(Exercise data):
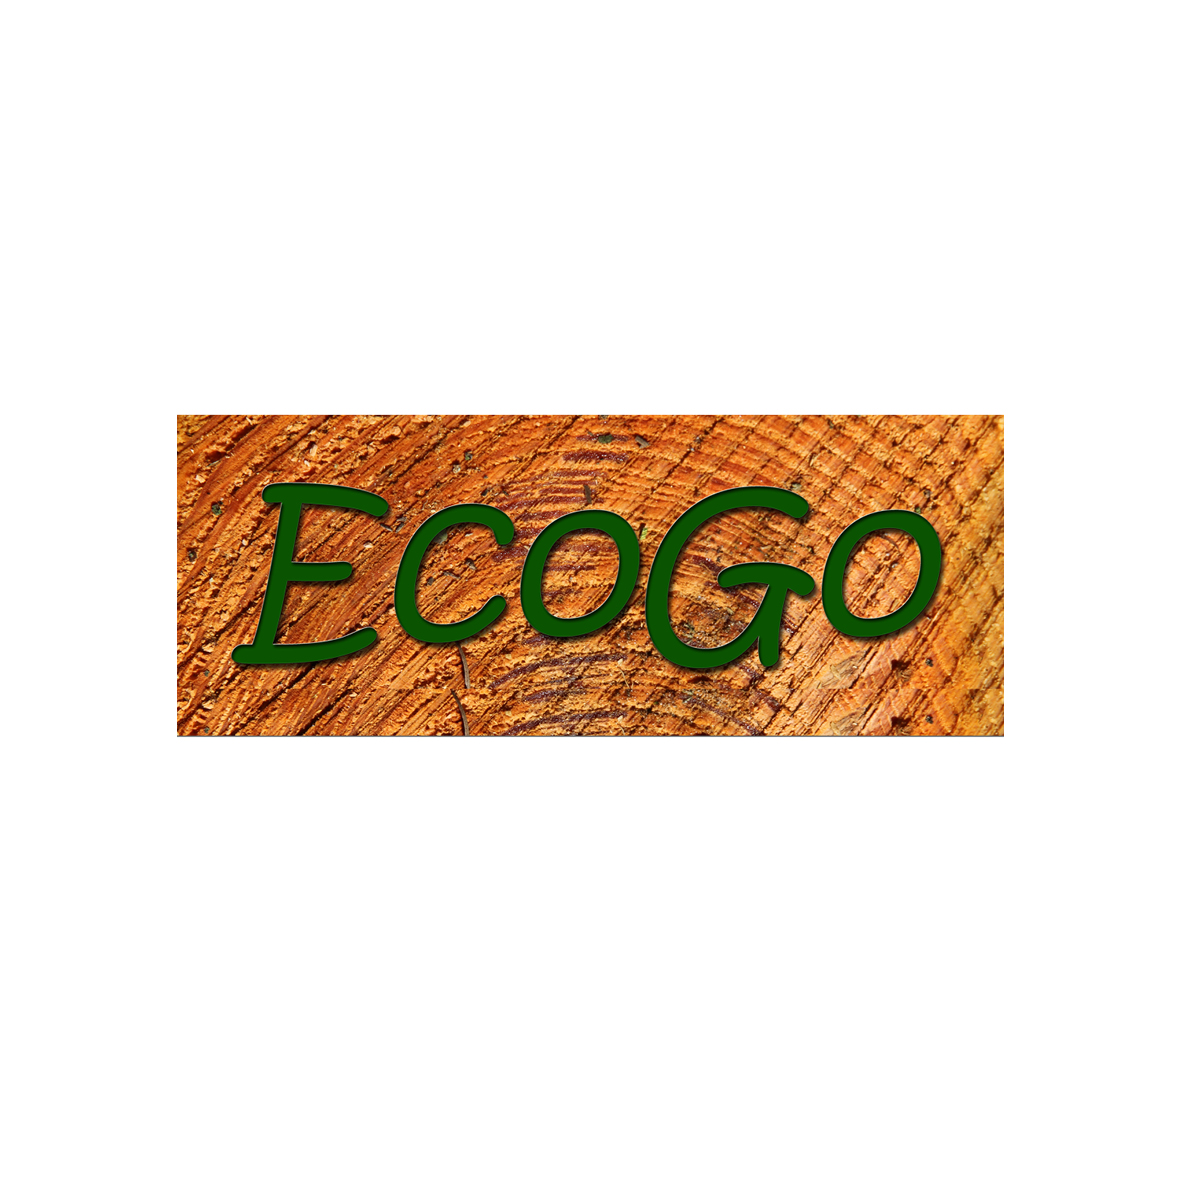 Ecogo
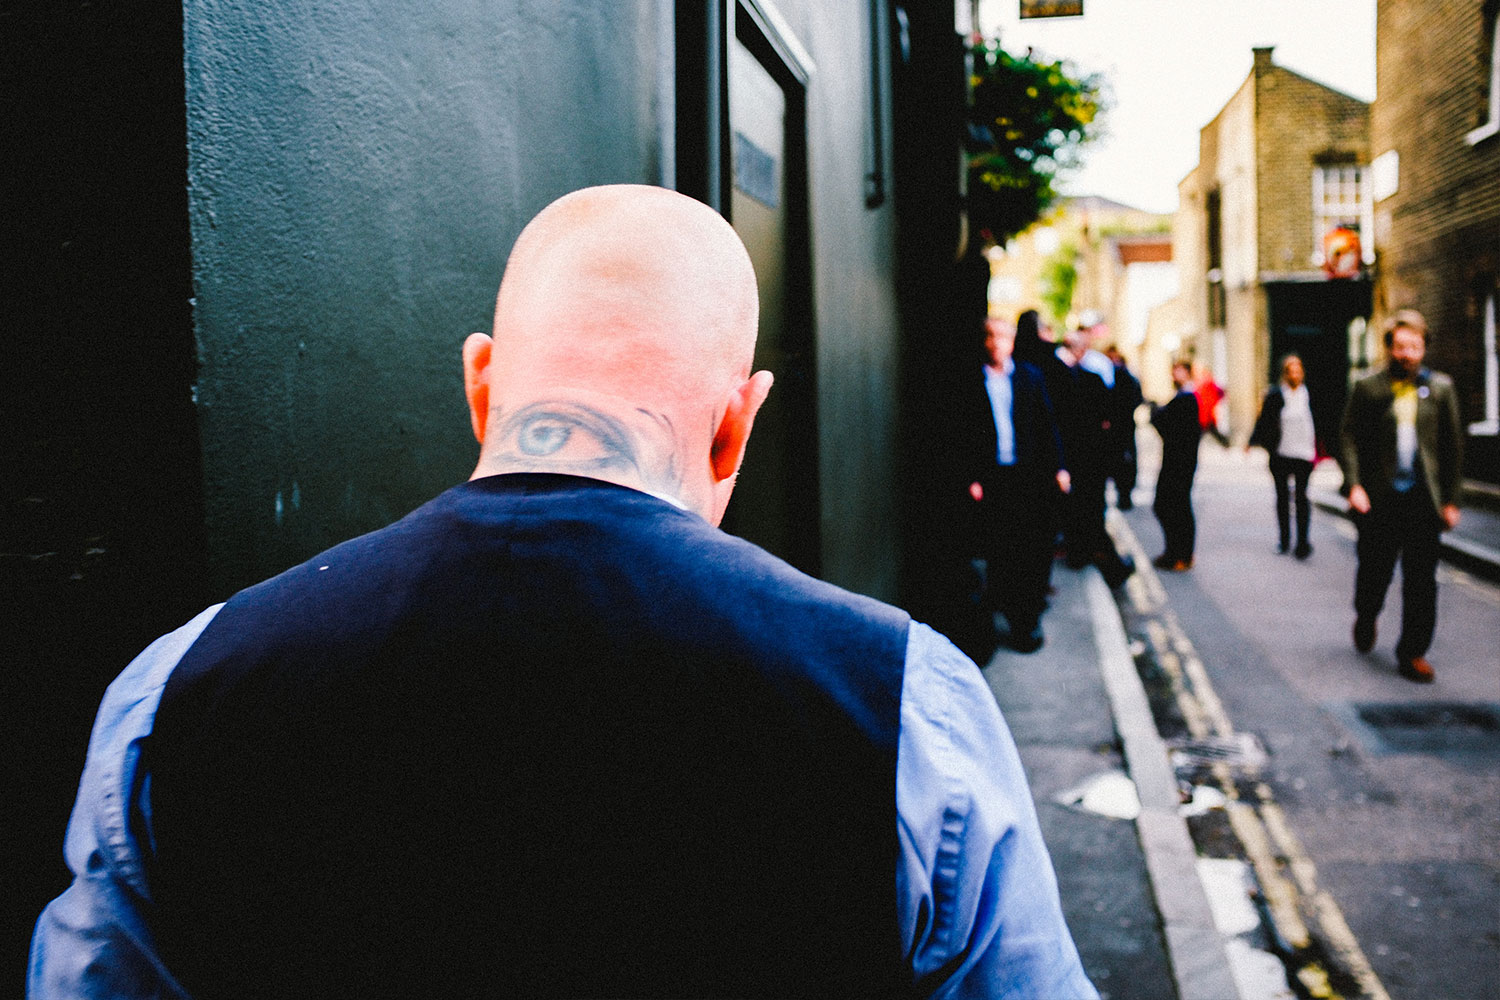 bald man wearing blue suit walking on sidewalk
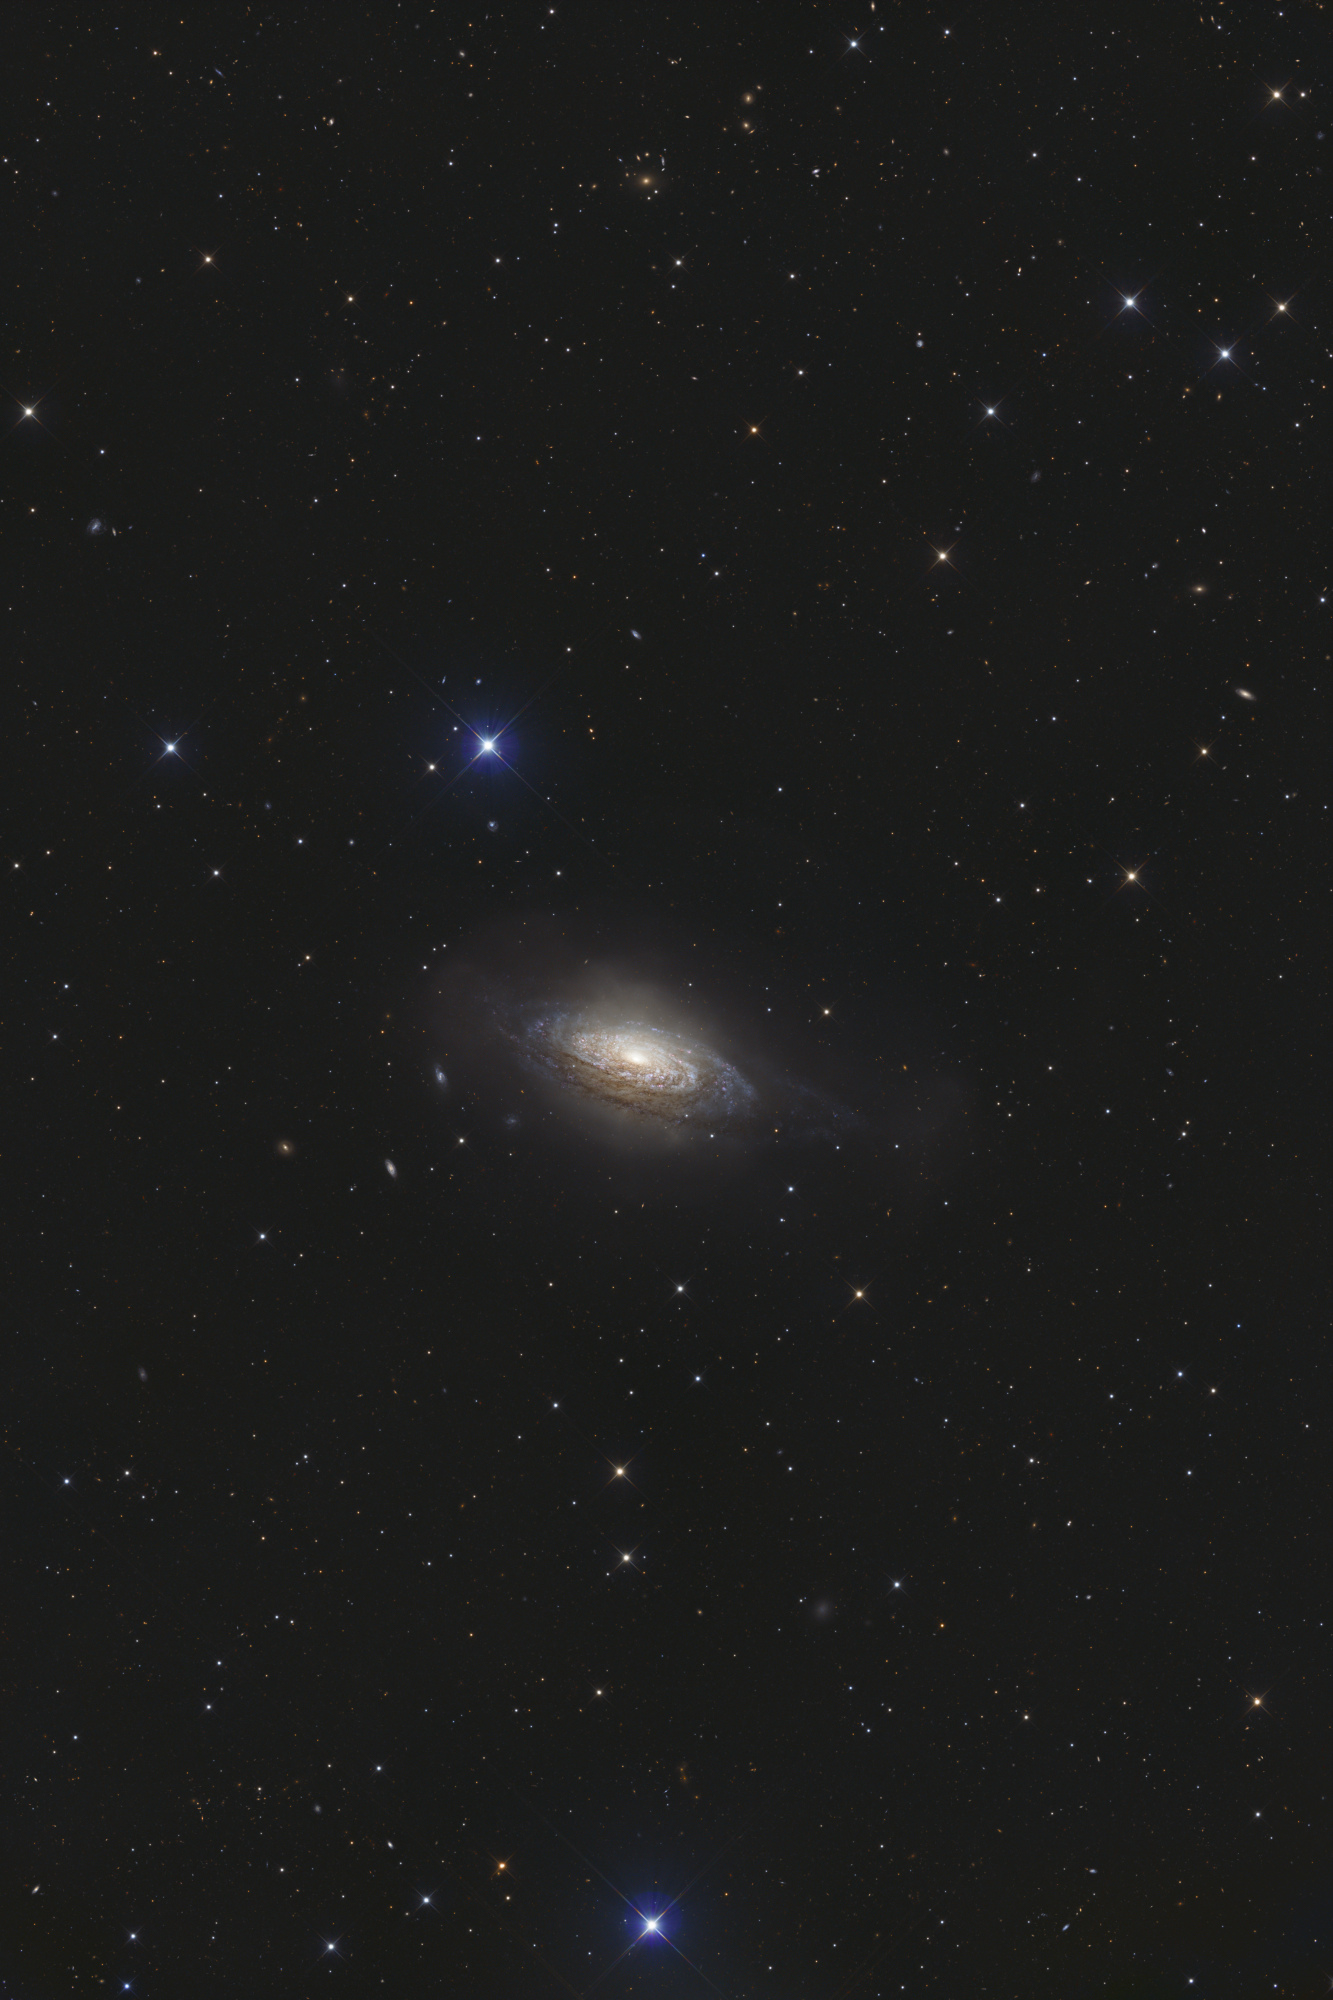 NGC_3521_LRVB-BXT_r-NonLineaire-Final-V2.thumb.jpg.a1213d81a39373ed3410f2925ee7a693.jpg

(Instructions to follow): Everything in the listing except the pictures must come back exactly as written.

(Expected answer):
 Ecogo
 bald man wearing blue suit walking on sidewalk
 NGC_3521_LRVB-BXT_r-NonLineaire-Final-V2.thumb.jpg.a1213d81a39373ed3410f2925ee7a693.jpg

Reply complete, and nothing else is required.